How many Israelis agree with Yehezkeli? We do not really know. What he says is certainly not the official policy of the security services or the Israeli government, though there are several ministers and quite a few MKs who undoubtedly agree with him.
It cannot be denied that since October 7 a growing number of Jewish Israelis have adopted much more extreme attitudes and positions vis-à-vis the Palestinians, including Israel’s Arab citizens. What has been described above is undoubtedly largely responsible for this and, at least on the face of it, understandable.
However, when this is translated into calls to kill or banish the Palestinians indiscriminately, or actual violence – either verbal or physical – directed against Palestinians who happen to enter one’s neighborhood because their work requires them to do so, there is reason for concern.
For example, in the neighborhood where I live in Jerusalem, all the pharmacists and most of the other employees of the local branch of Super-Pharm are Arabs, as are most of the employees of the local branch of Shufersal.
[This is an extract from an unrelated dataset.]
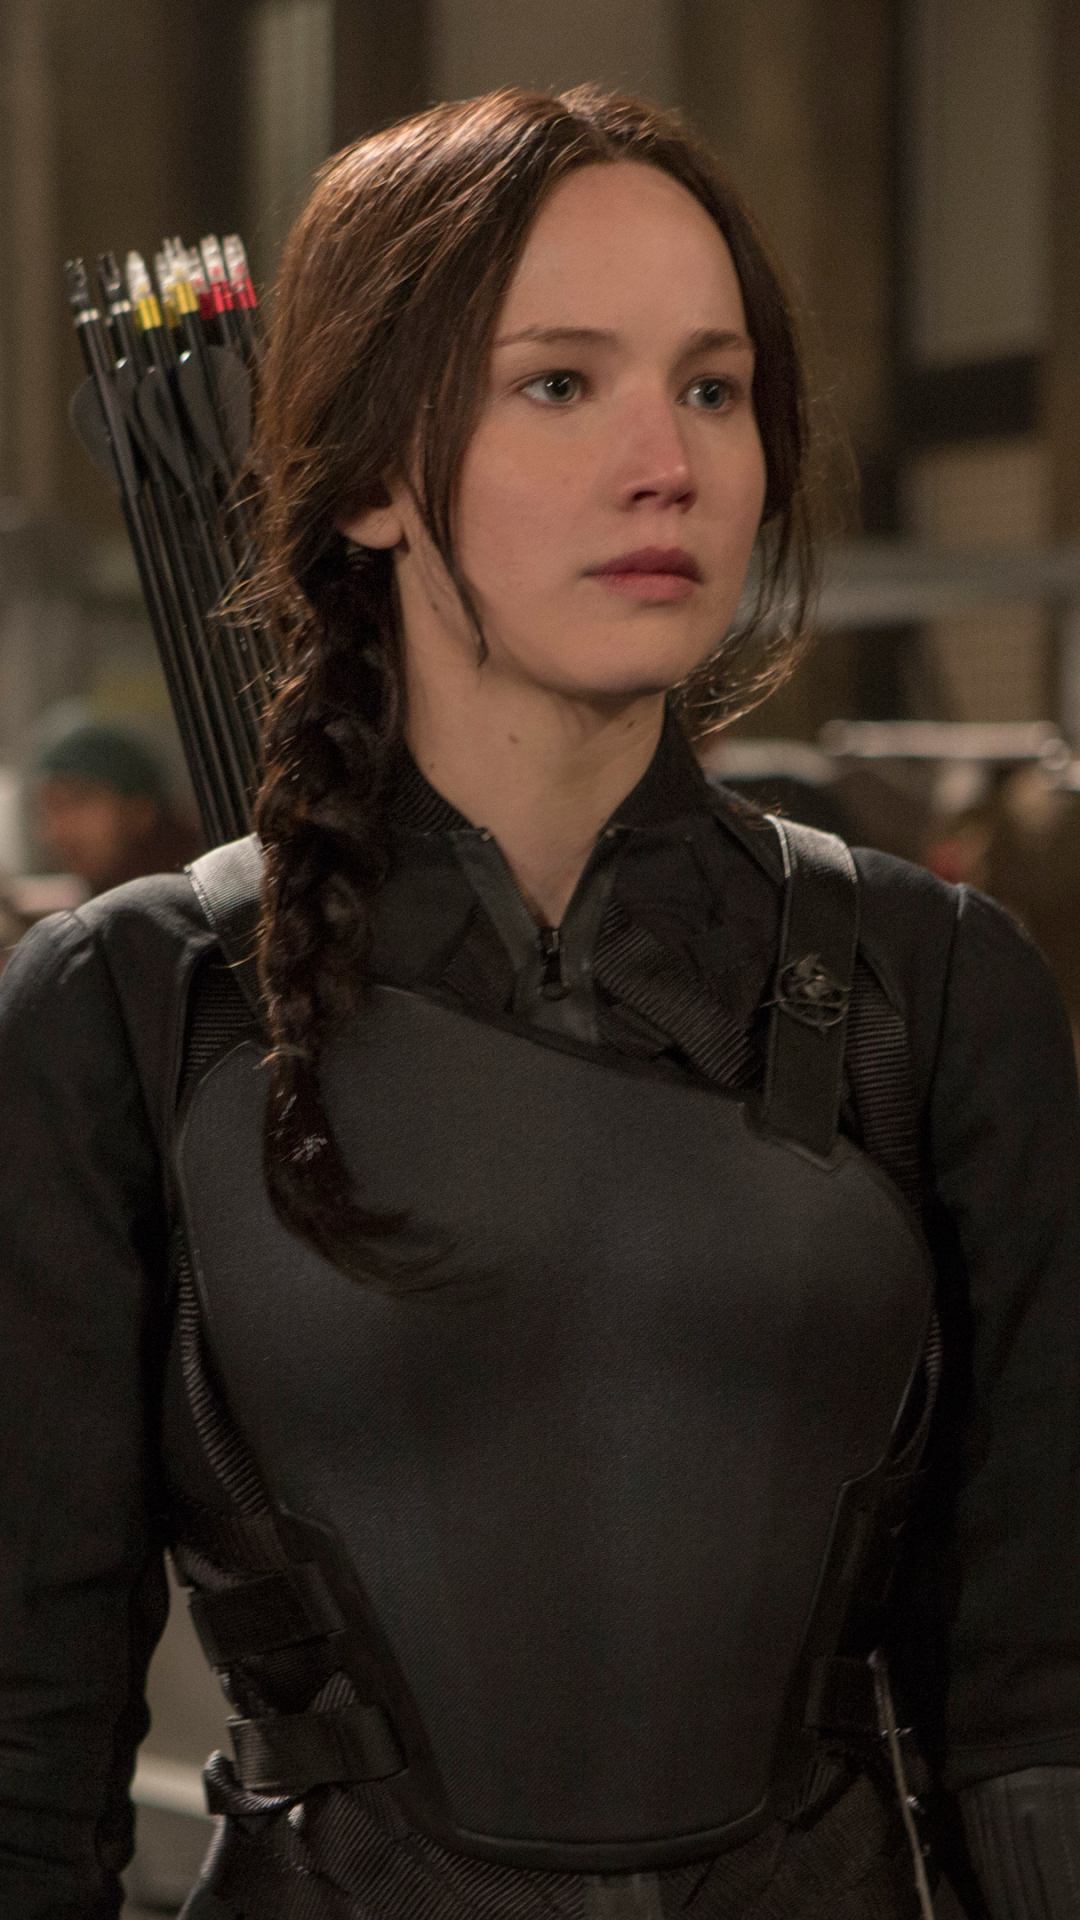 The Hunger Games: Mockingjay - Part 2 Phone Wallpaper - Mobile Abyss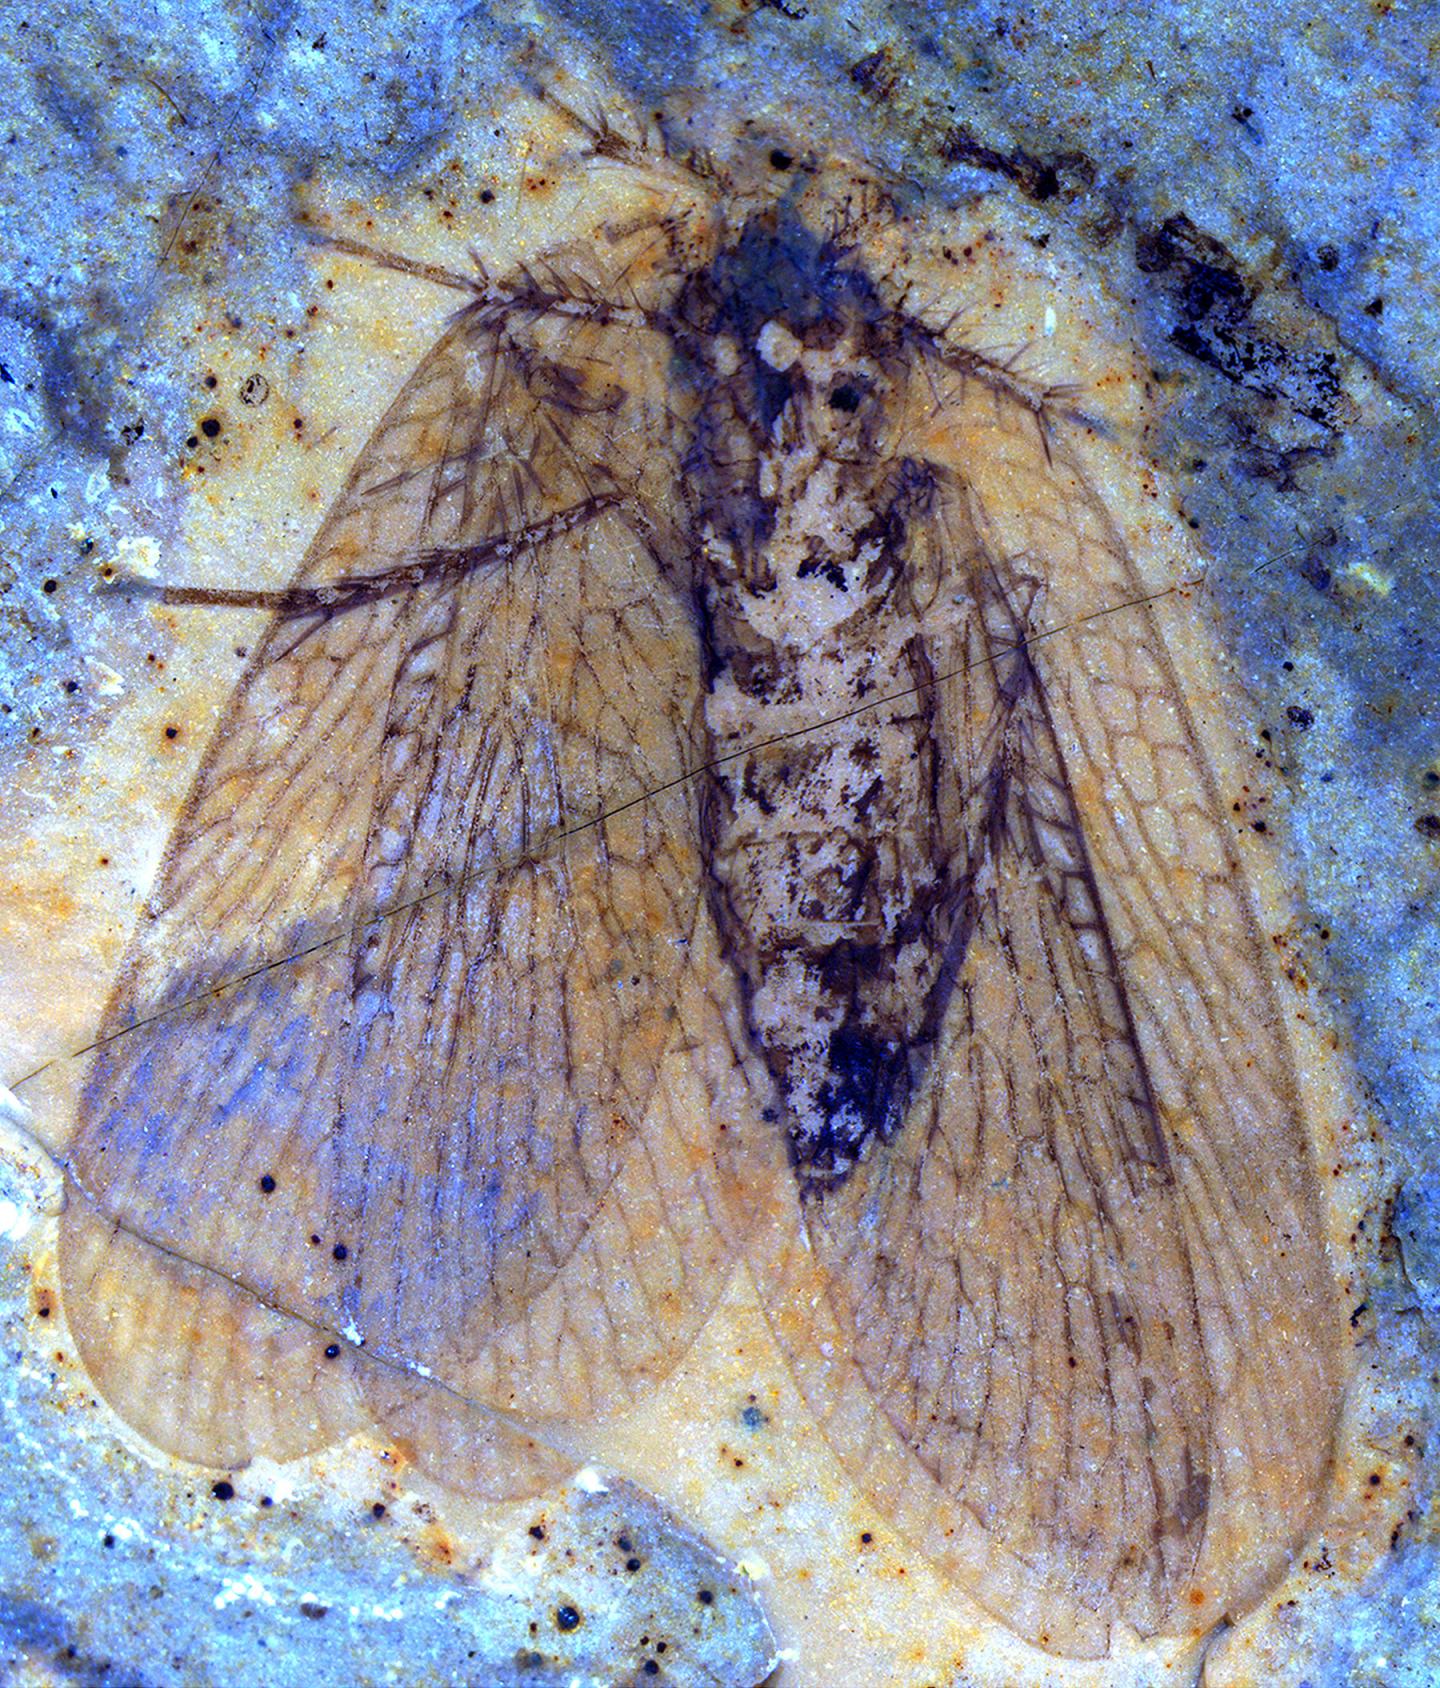 A New Species of Scorpionfly Fossil From 53 Million Years Ago at Mcabee, British Columbia

On the whole, my neighborhood is relatively calm, compared to some other neighborhoods in Jerusalem. However, the Palestinian who delivers the newspapers in the neighborhood told me that one of the reasons he stopped leaving the papers outside the doors of the subscribers, and leaves them all in the mailboxes on the ground floor, is that there are people in the neighborhood who prohibit him from entering the buildings they live in.
Hopefully, after the war will be over, feelings will start calming down a bit. Twenty percent of the population of Israel are Arabs. Forty percent of the inhabitants of Jerusalem are Arabs, while close to 50% of the population of Israel, the West Bank and the Gaza Strip are Palestinians. Somehow, we shall have to recreate some sort of new modus vivendi with the Arab population. It will not be easy.
The writer worked in the Knesset for many years as a researcher, and has published extensively both journalistic and academic articles on current affairs and Israeli politics. Her most recent book, Israel’s Knesset Members – A Comparative Study of an Undefined Job, was published last year.